Imagine a long thin rod in a circular orbit. The gravity gradient will produce a net torque on the rod whenever it is not oriented parallel, or perpendicular to the radius vector (pointing up/down or pointing forward/backward). Let's keep the problem 2D and ignore out-of-plane orientations.

The Coursera video 1: Gravity Gradient Torque Development from the course by University of Colorado Boulder Kinetics: Studying Spacecraft Motion taught by Hanspeter Schaub includes the following:

$$ L_G = \frac{3 GM_E}{R_C^5} \mathbf{R_C} \times [I] \mathbf{R_C},$$

which comes from a first order expansion of the local gravity gradient.

He explains that at this point (about 16:30) that you need to stop and think about coordinate systems and frames, and that's when I start feeling like this guy lower your volume first!

For an infinitely thin rod in 2D, I am guessing that the moment of inertia tensor is just

$$ I = \begin{bmatrix} \frac{1}{12}ml^2 & 0\\ 0 & 0\\ \end{bmatrix}. $$

Now what? I need to get a $\sin(2\theta)$ somehow so that the torque will be zero at both 0 and 90 degrees. What sort of tensor magic multiplication can get me there?

SMAD first edition gives:

$$\frac{3 \mu}{R_0^3} \mathbf{u_e} \times (\mathbf{I} \cdot \mathbf{u_e})$$

where $\mathbf{u_e}$ is the unit vector towards the nadir. It seems to be essentially the same, but with the magical tension-inducing tensor math written slightly differently.
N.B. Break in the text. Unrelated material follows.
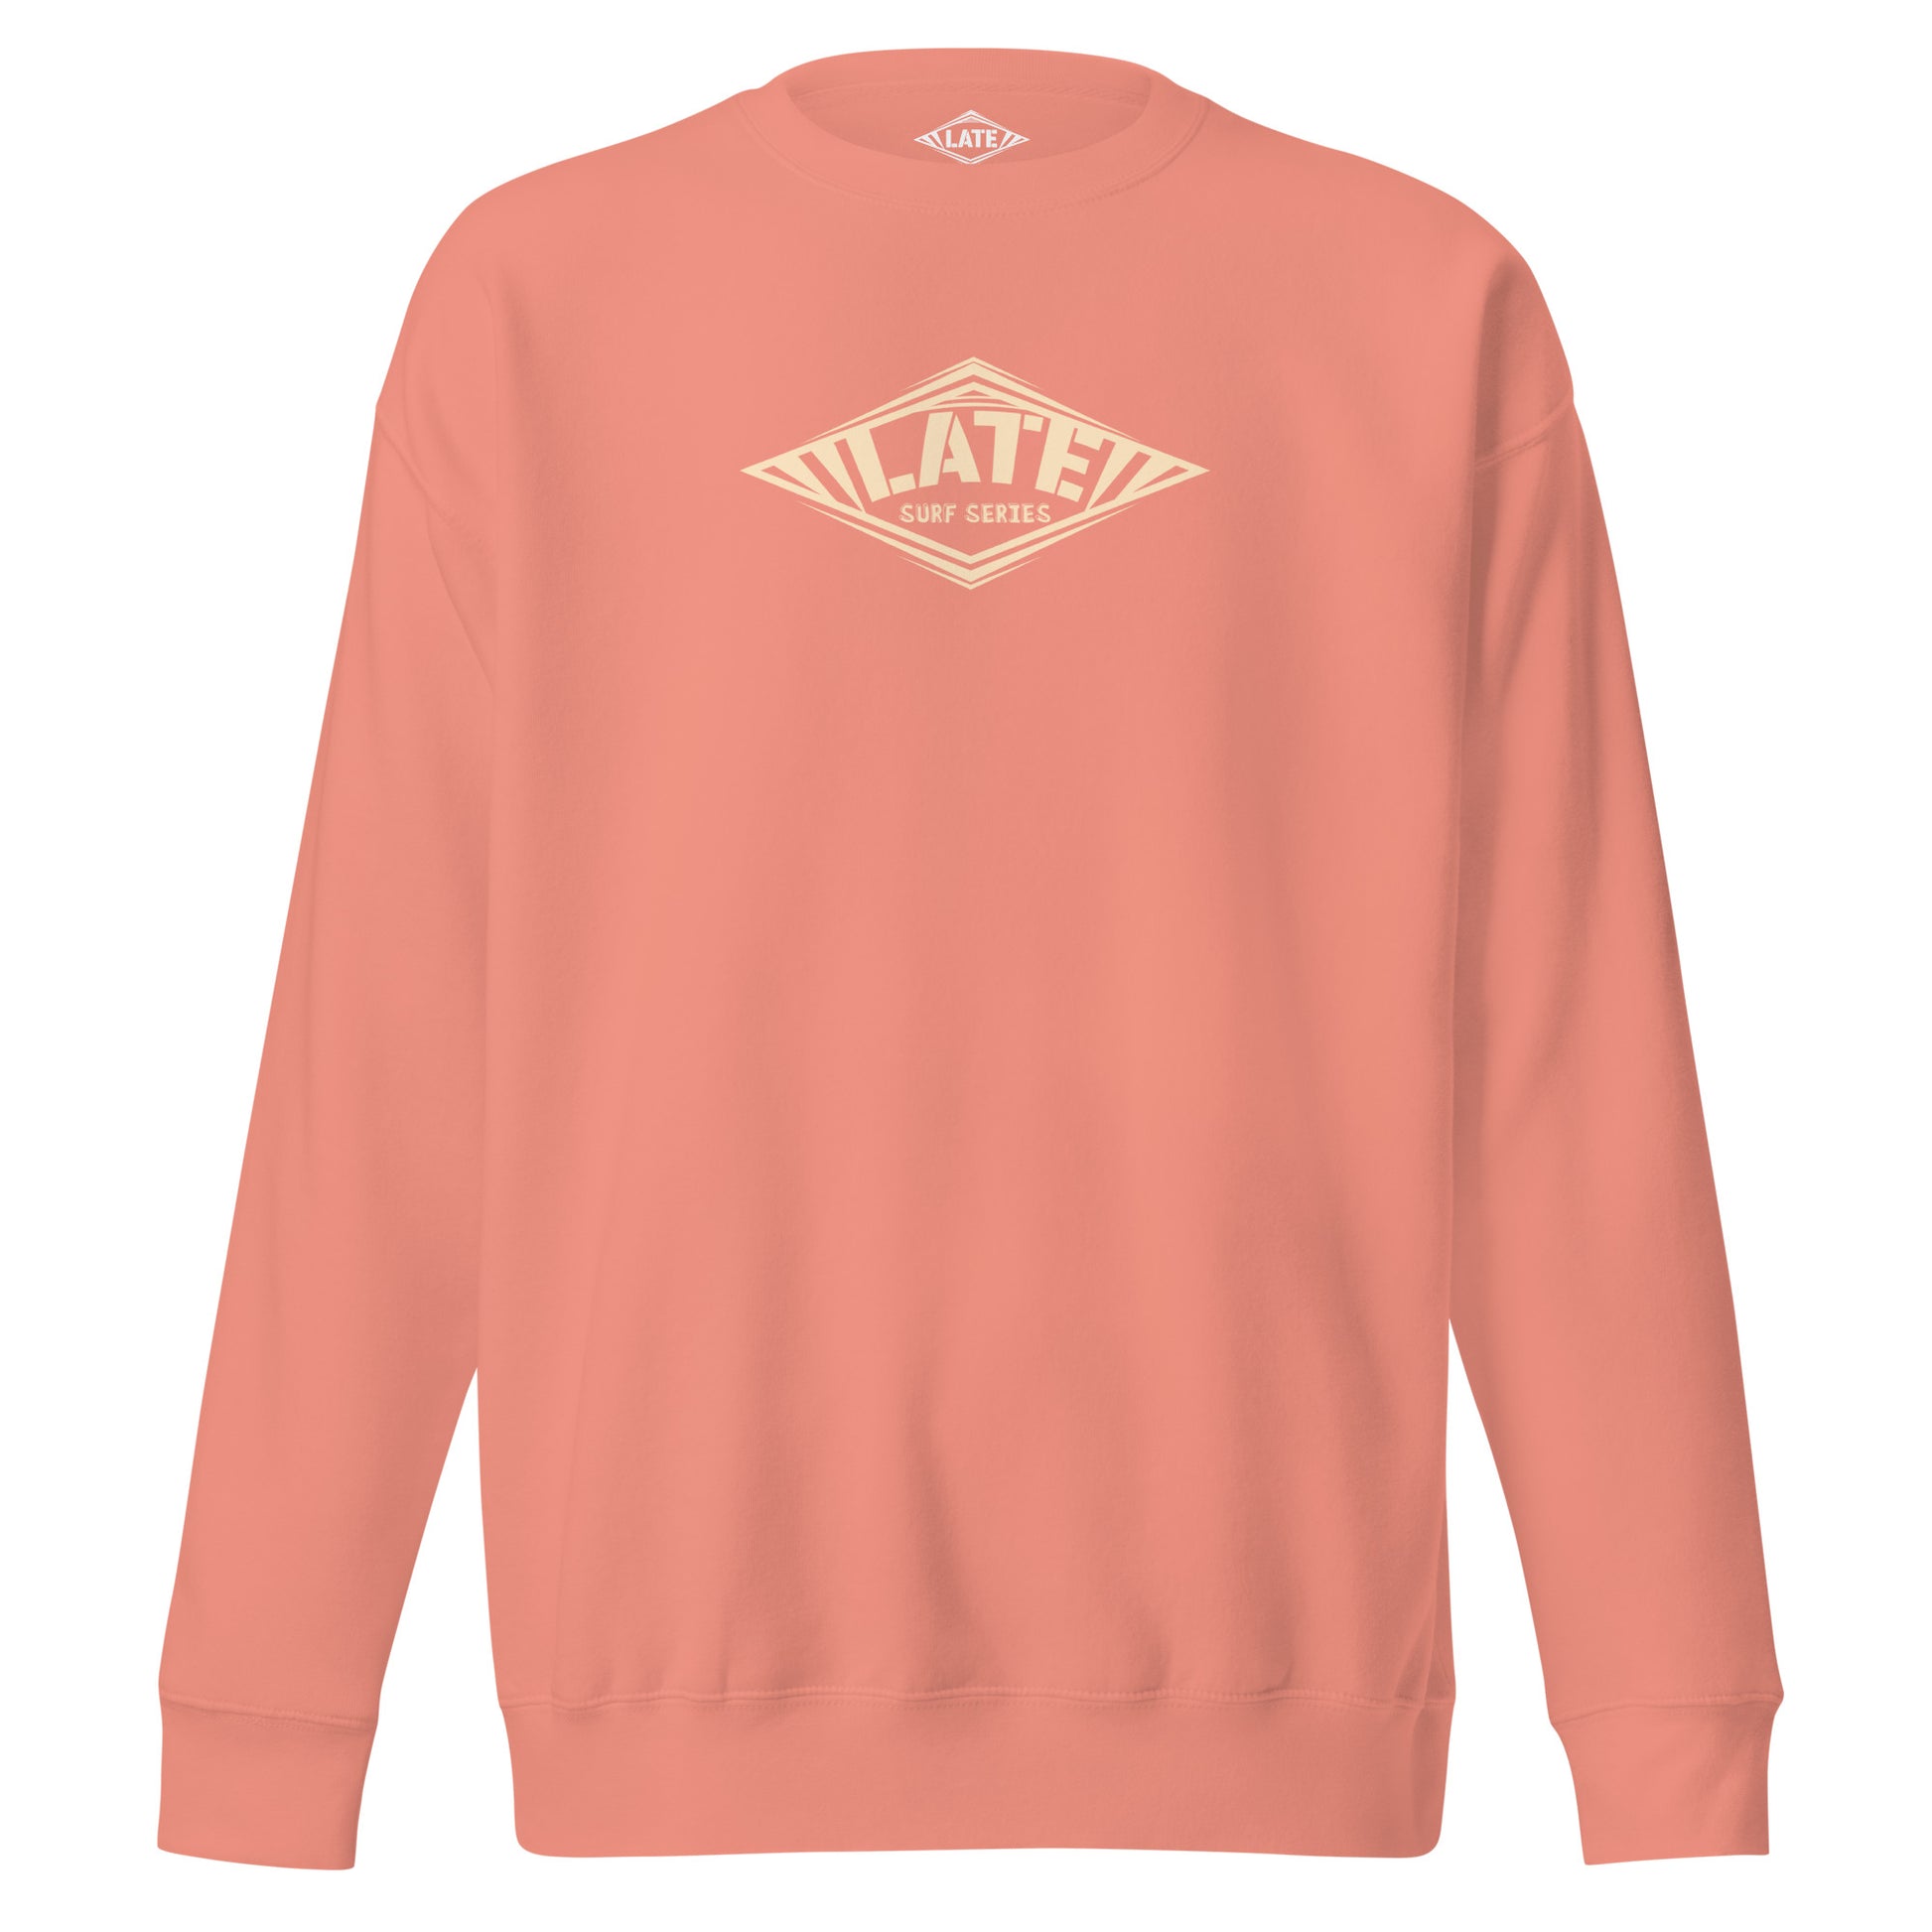 Sweatshirt Take On The Elements surf series logo Late sweat unisex rose

Dot product between two vectors gives a scalar, but here I don't know what to do.

In each case $\mathbf{R_C}$ or $\mathbf{R_0}$ are from the center of the Earth to the rod's center of mass.

Question: How would I derive that expression for torque in terms of an angle $\theta$ that the rod makes with respect to the nadir, such that the torque has a $\sin(2\theta)$ term, using my simple 2D moment of inertia?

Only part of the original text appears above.